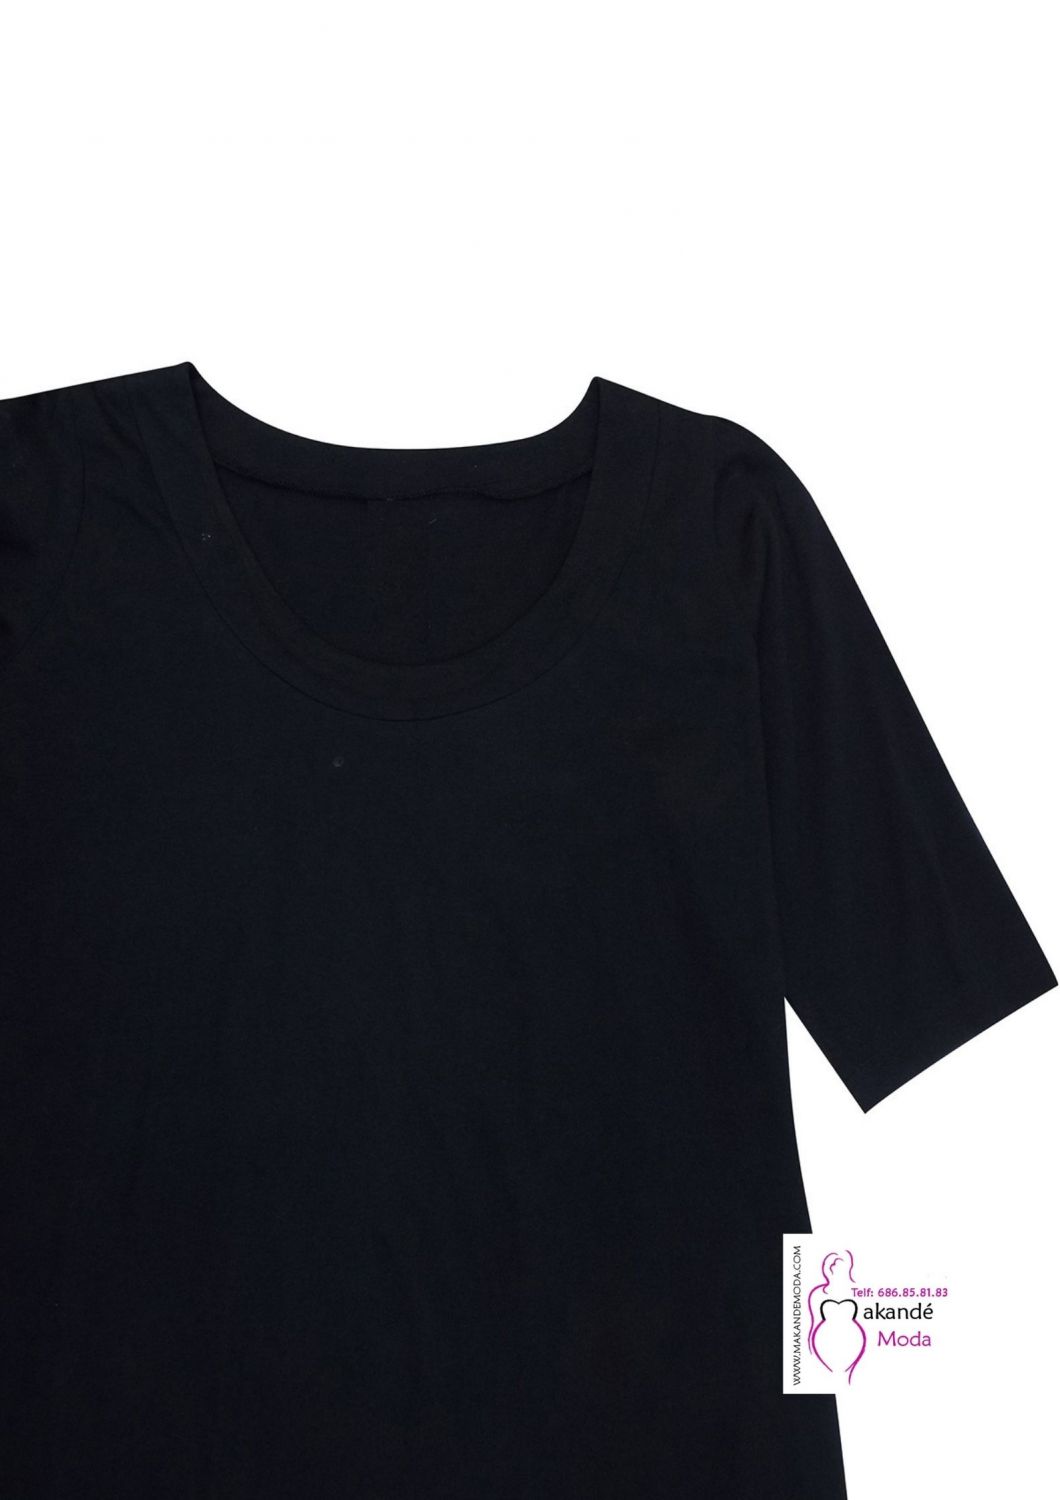 M - 3031n Camiseta lisa algodón Negra
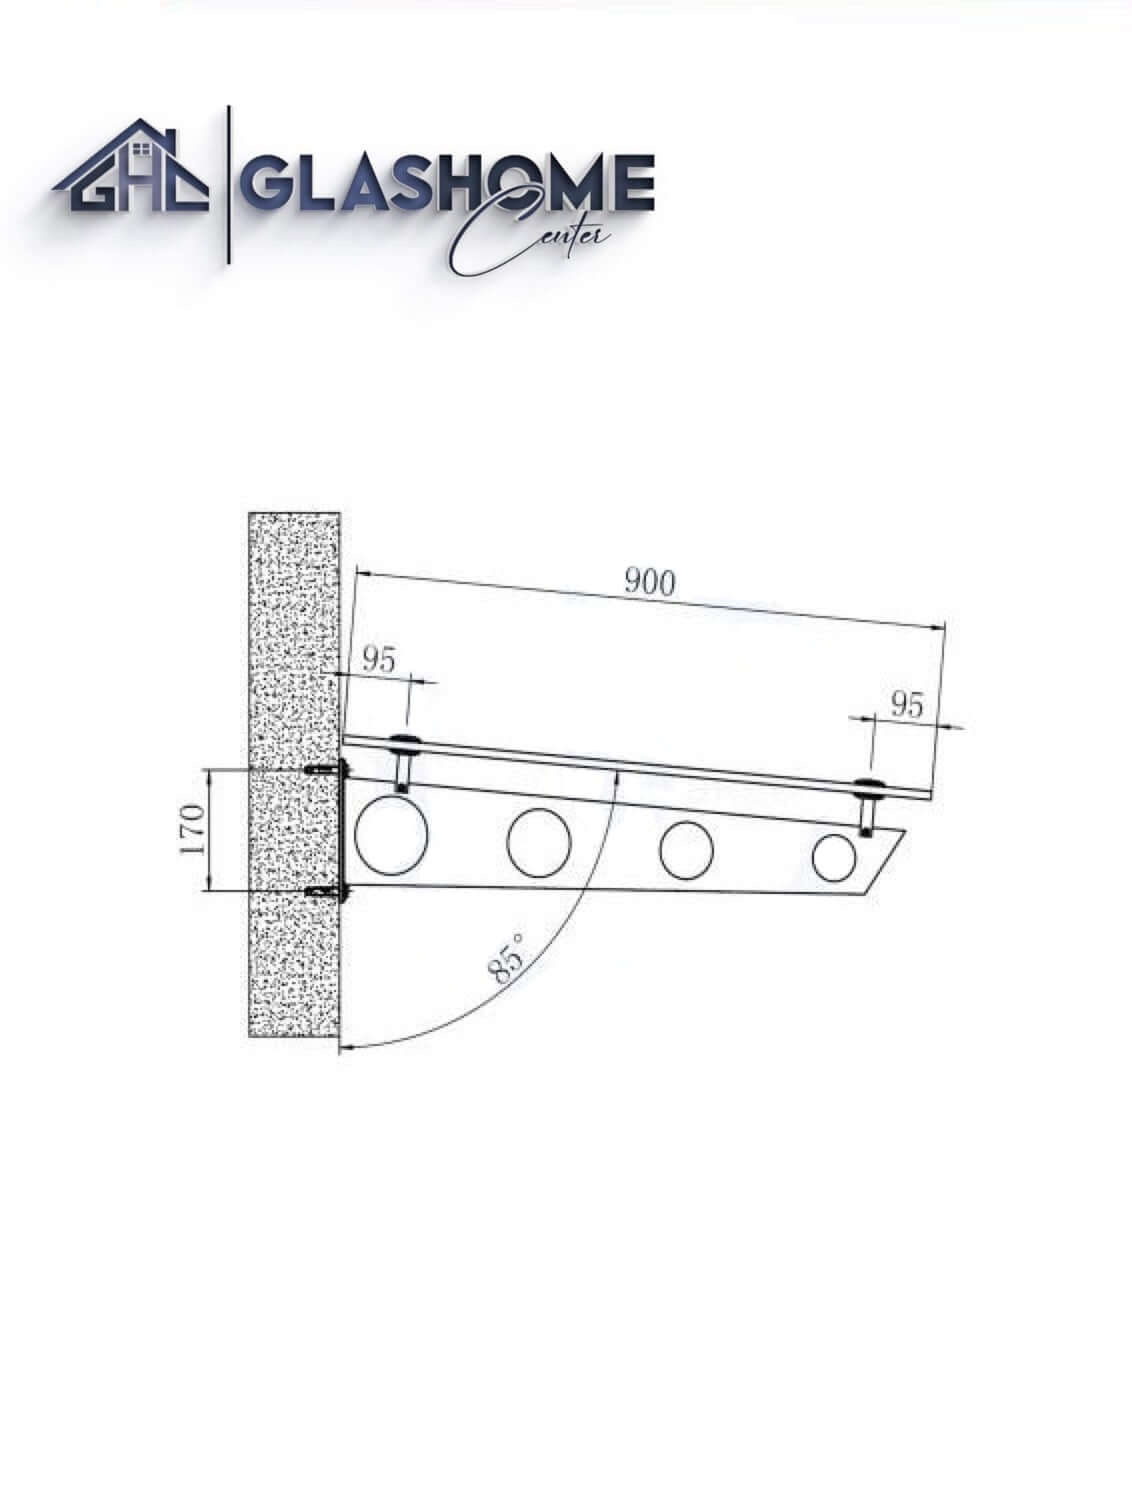 GlasHomeCenter - Glasvordach - Grauglas - 230x90cm - 13.1mm VSG - inkl. 3 Edelstahlhalterungen Variante "Stockholm"
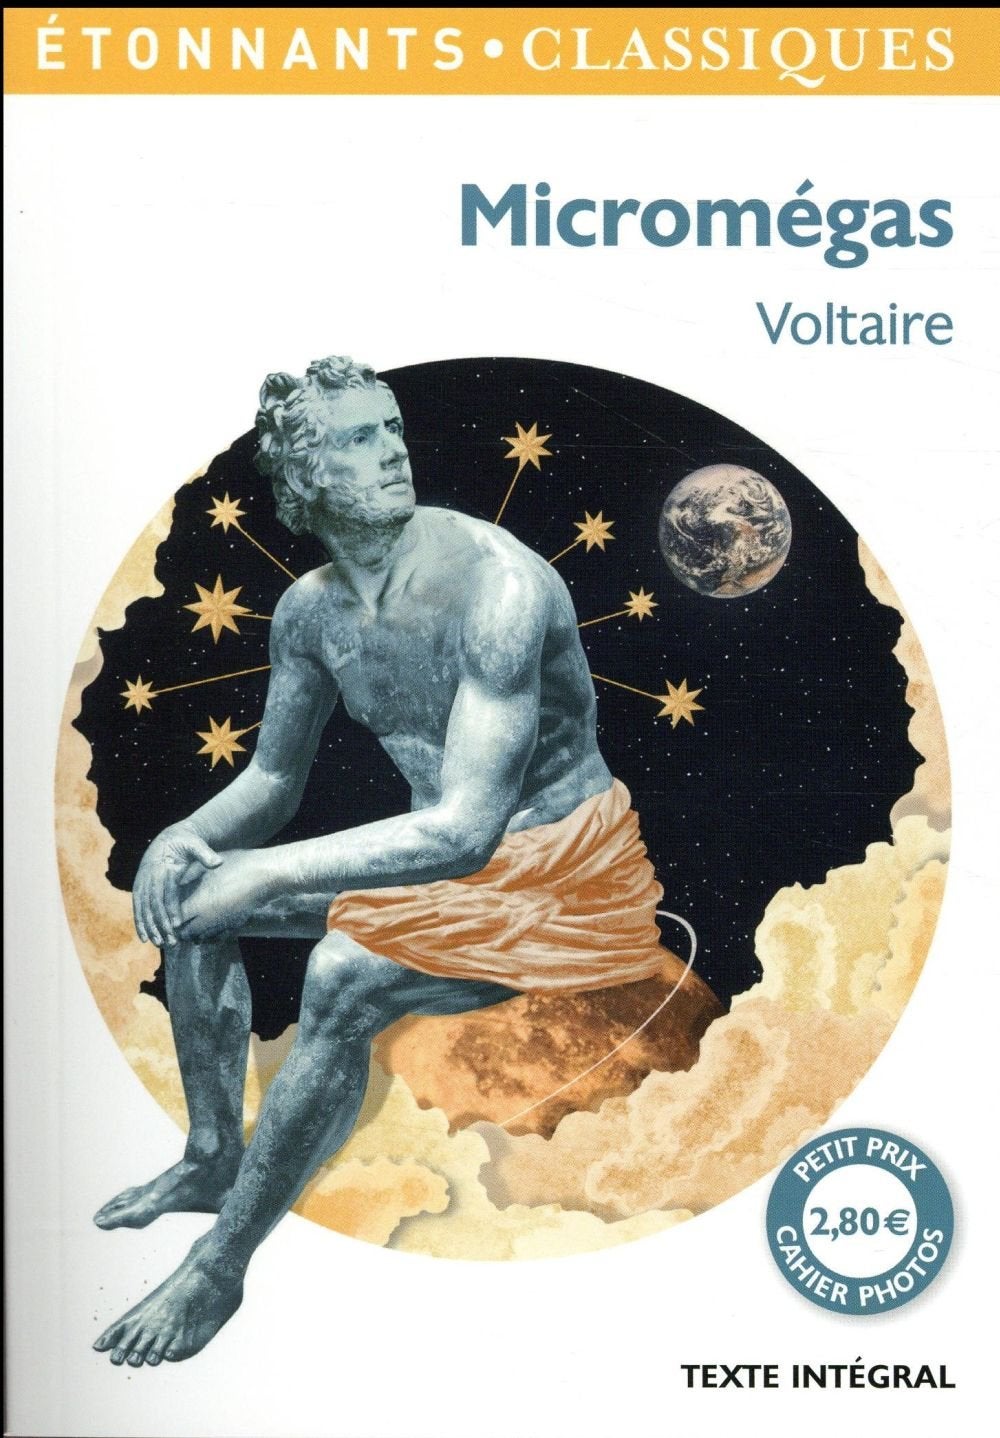 Cover of Étonnants Classiques edition of Micromégas. (Image: Flammarion)
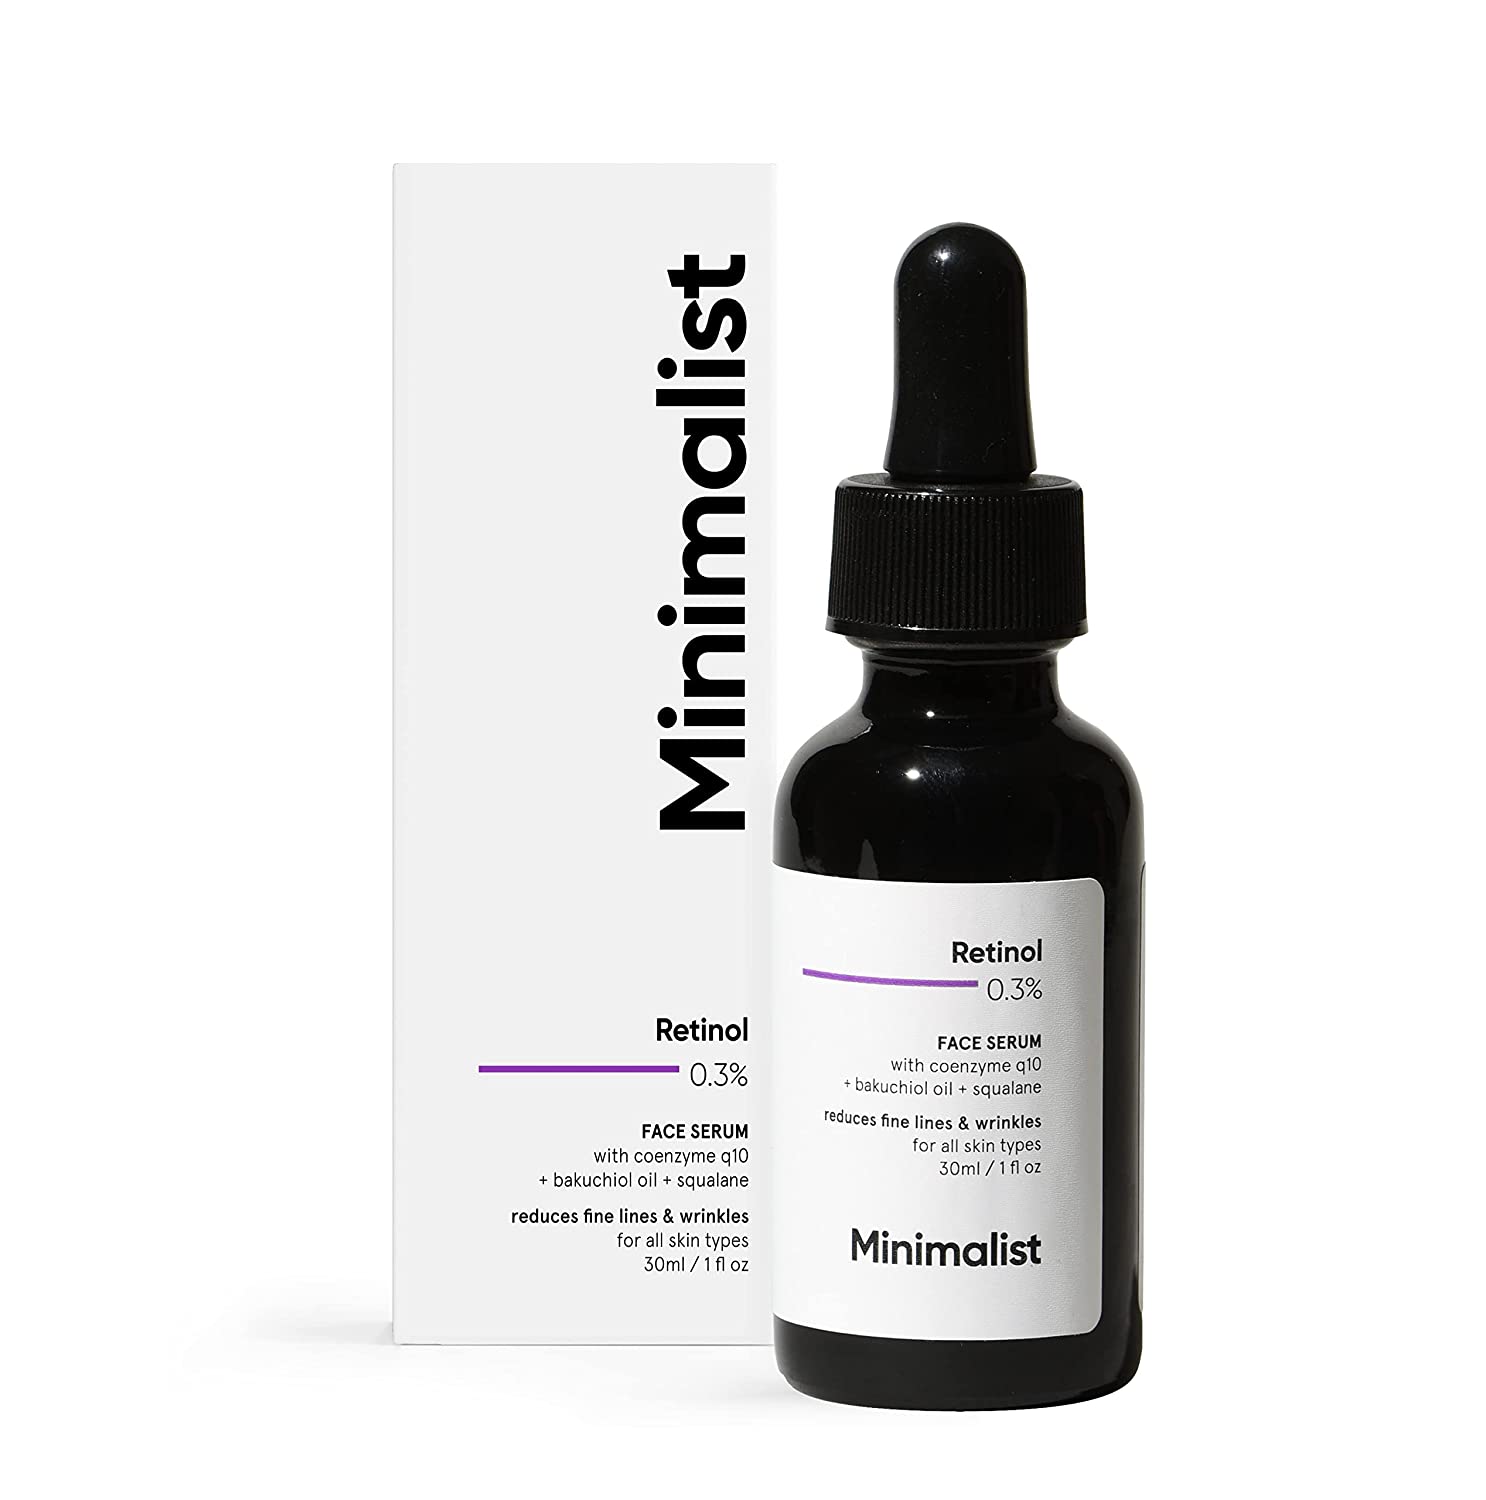 Minimalist 0.3% Retinol Face Serum

**TRY IT**
Write the listing above out again exactly, but not the images it holds.

**REPLY**
 M - 3031n Camiseta lisa algodón Negra
 GlasHomeCenter - Glasvordach - Grauglas - 230x90cm - 13.1mm VSG - inkl. 3 Edelstahlhalterungen Variante "Stockholm"
 Cover of Étonnants Classiques edition of Micromégas. (Image: Flammarion)
 Minimalist 0.3% Retinol Face Serum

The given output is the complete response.